La guerre a été déclenchée le 28 février par une offensive israélo-américaine, alors que Téhéran et Washington avaient repris des négociations sur le nucléaire. Le conflit, qui a fait des milliers de morts, ébranle l'économie mondiale en faisant grimper les prix du pétrole.

Alors que les deux pays semblaient ces derniers jours se rapprocher d'un accord, le New York Times a rapporté samedi, sans plus de détails, que le président américain avait durci sa proposition et envoyé une nouvelle version d'un possible protocole d'accord à Téhéran.

Selon le site américain Axios, M. Trump, dont la priorité déclarée est de mettre fin au programme nucléaire iranien et de rétablir le trafic maritime dans le détroit d'Ormuz, souhaite plus de fermeté des négociateurs de Washington.

La chaîne CBS a rapporté dimanche soir que la nouvelle proposition américaine prévoit une prolongation du cessez-le-feu de 60 jours avec des clauses prévoyant la réouverture d'Ormuz et un cadre pour une reprise des négociations sur le nucléaire.

"Nous n'approuverons aucun accord tant que nous n'aurons pas la certitude que les droits du peuple iranien ont été pleinement garantis", a averti dimanche le principal négociateur iranien, le président du Parlement Mohammad Bagher Ghalibaf.

L'Iran, qui revendique son droit à mener un programme nucléaire civil, a toujours démenti vouloir se doter de l'arme atomique, malgré les soupçons en ce sens des Etats-Unis et de nombreux pays.

Il souhaite aborder ce dossier dans un second temps en cas d'accord avec Washington et exige une levée immédiate des sanctions le frappant.

Site stratégique 

Donald Trump a insisté dimanche sur Truth Social que le projet d'accord "stipule très clairement que l'Iran n'aura pas d'arme nucléaire", et ce "en des termes très fermes".

Téhéran insiste aussi pour que tout accord inclue la fin des hostilités au Liban, où Israël veut "éliminer" le Hezbollah pro-iranien.

Mais sur ce front, l'armée israélienne continue à avancer dans le sud du pays où elle a mené de nouvelles frappes, et le Hezbollah poursuit ses attaques notamment dans le nord israélien, malgré la trêve en vigueur depuis le 17 avril, mais non respectée.
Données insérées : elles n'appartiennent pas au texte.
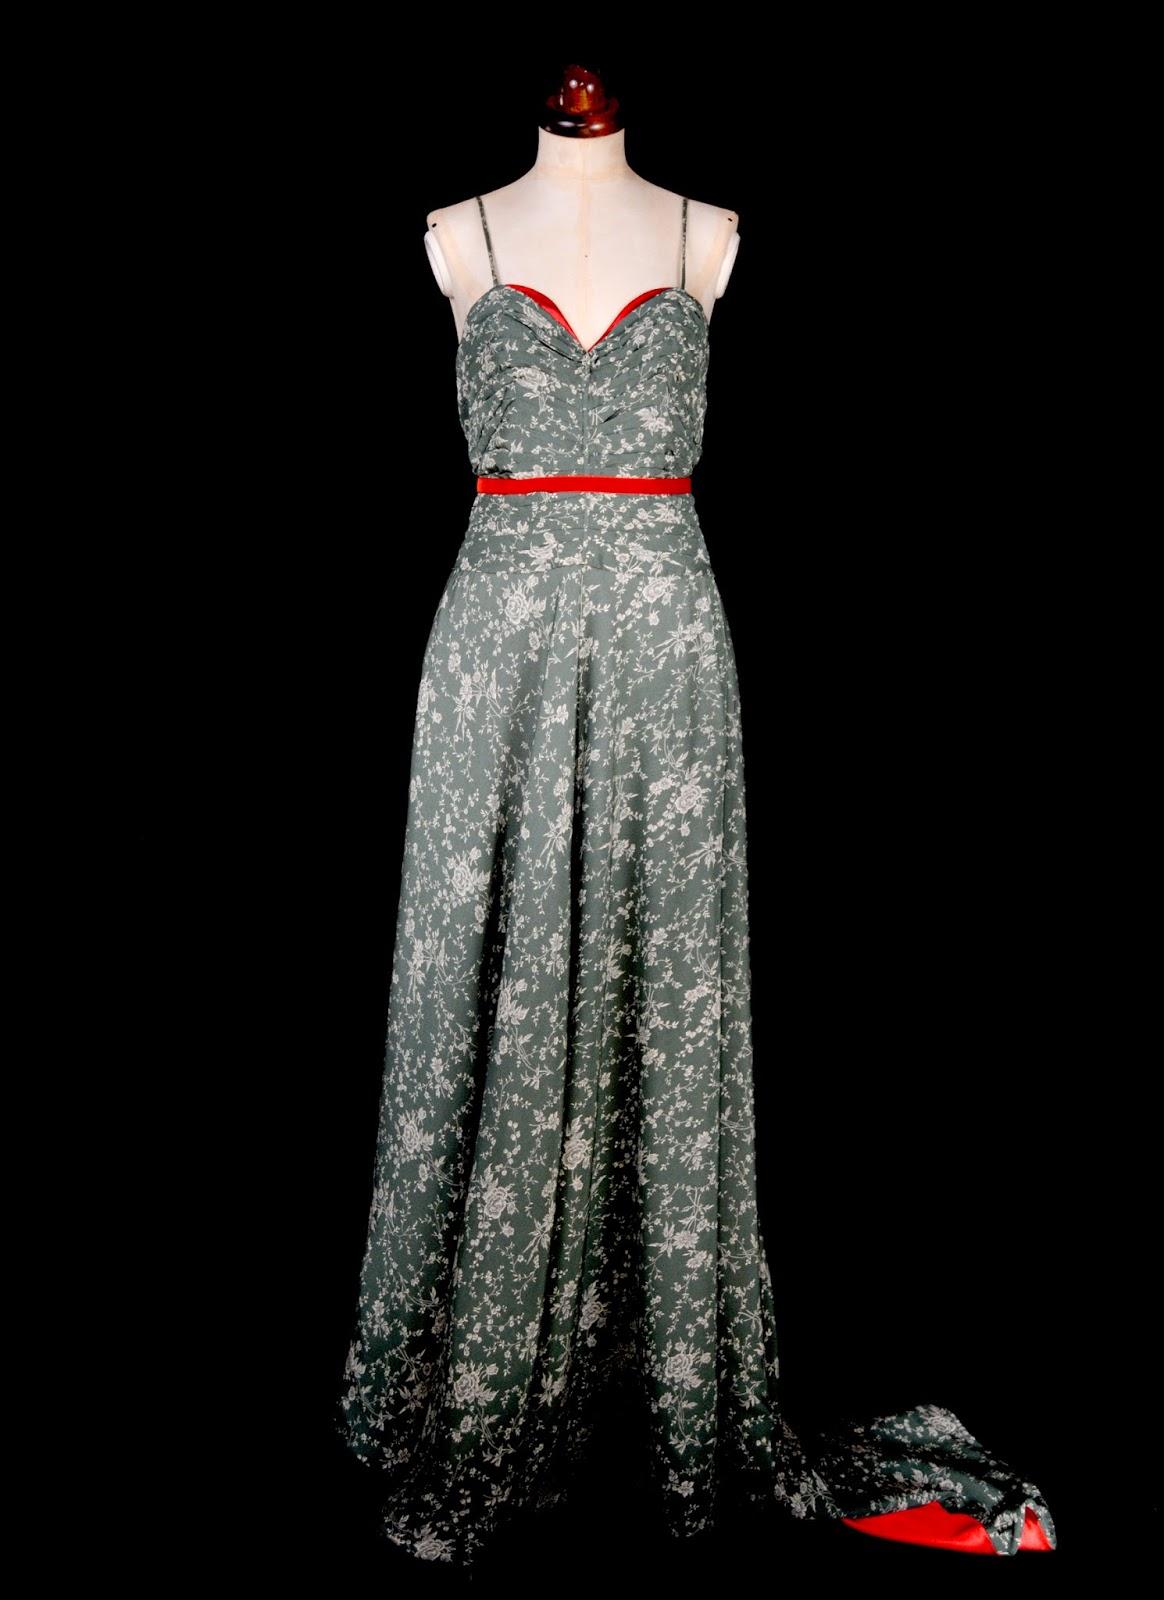 green vintage 1930s dress

L'armée israélienne s'est emparée dimanche de la forteresse médiévale de Beaufort, un site stratégique où elle avait établi une base pendant les deux décennies de l'occupation israélienne, achevée en 2000.
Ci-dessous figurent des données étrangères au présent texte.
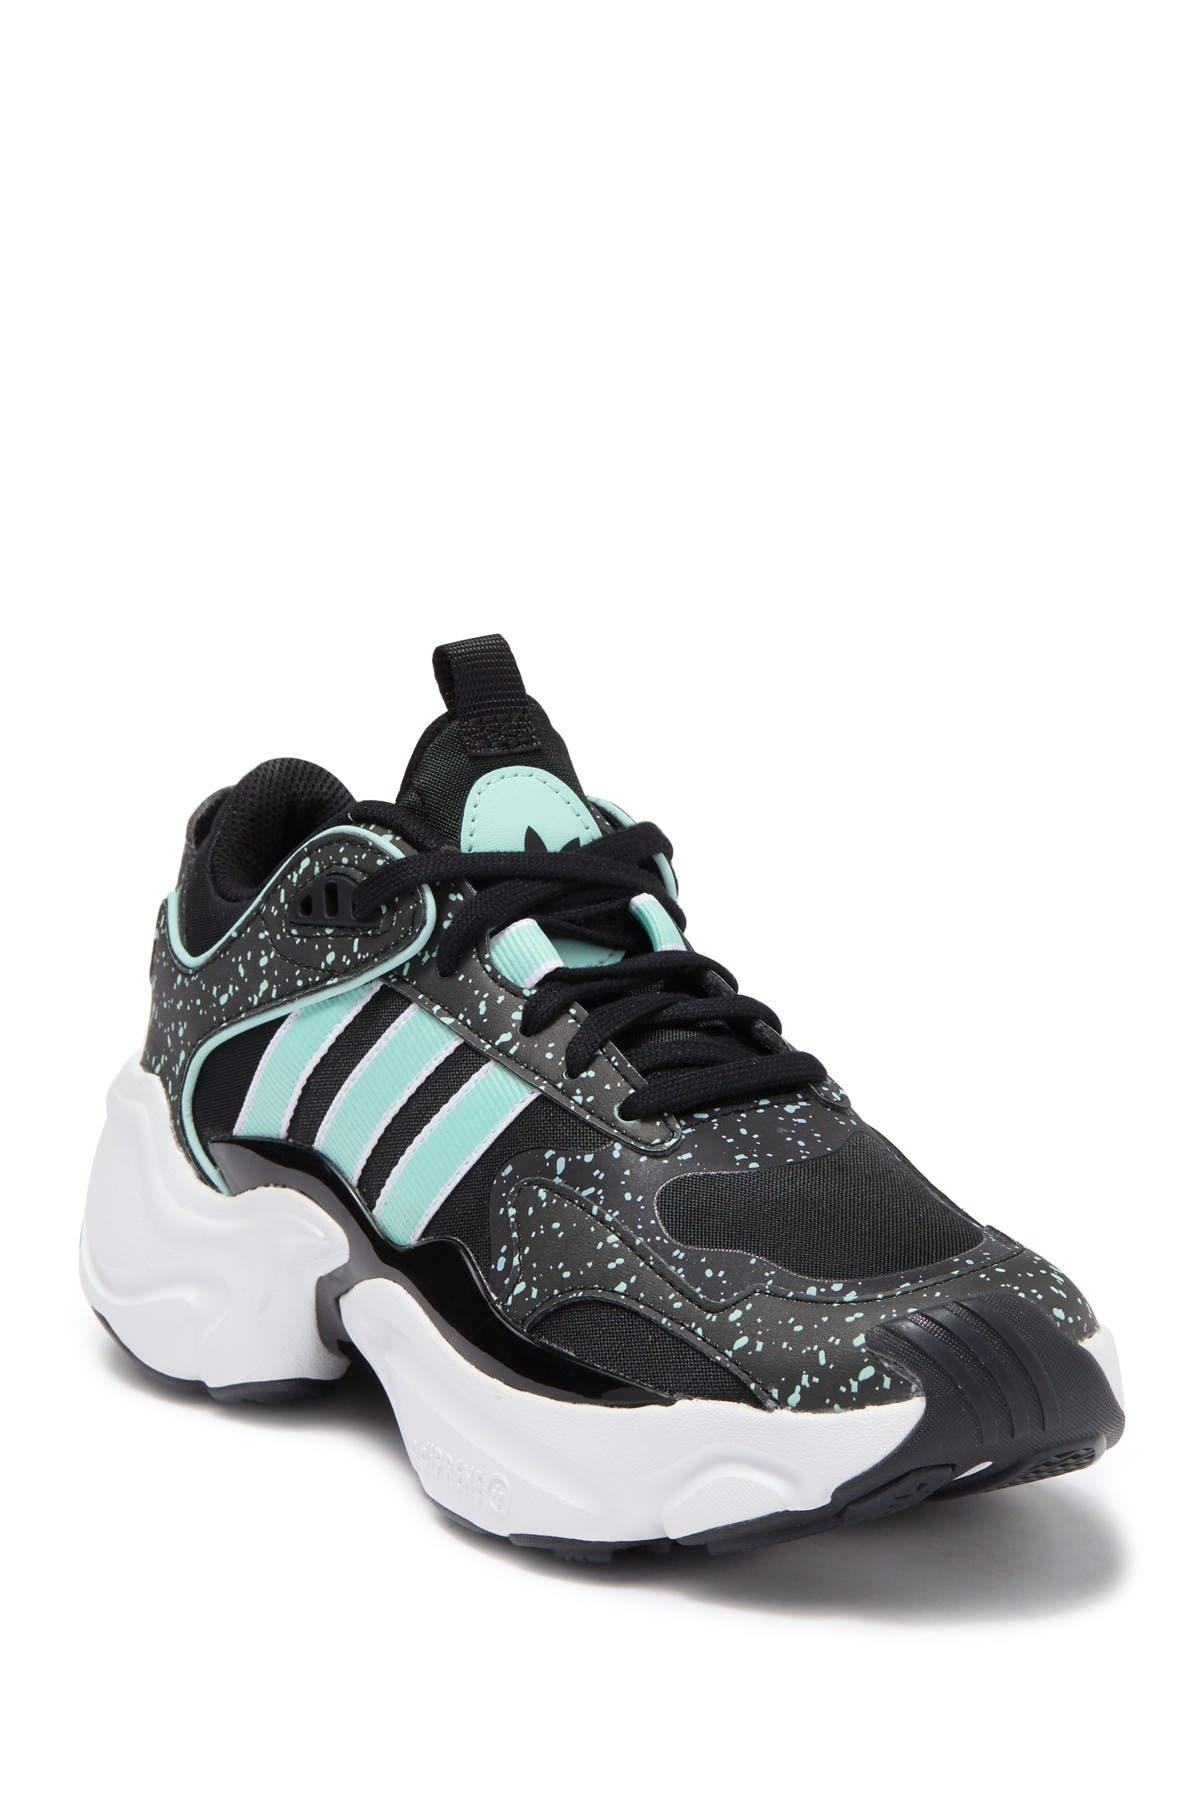 adidas magmur running sneaker

Pour les Etats-Unis, c'est au Hezbollah de cesser les tirs en premier, en contrepartie de quoi Israël "s'abstiendrait de toute escalade à Beyrouth", selon un plan rapporté par un responsable américain à la suite d'entretiens menés dimanche par le chef de la diplomatie Marco Rubio avec le président libanais Joseph Aoun et le Premier ministre israélien Benjamin Netanyahu.

La France a demandé une réunion d'urgence au Conseil de sécurité, qui se tiendra lundi, selon des sources diplomatiques à l'AFP.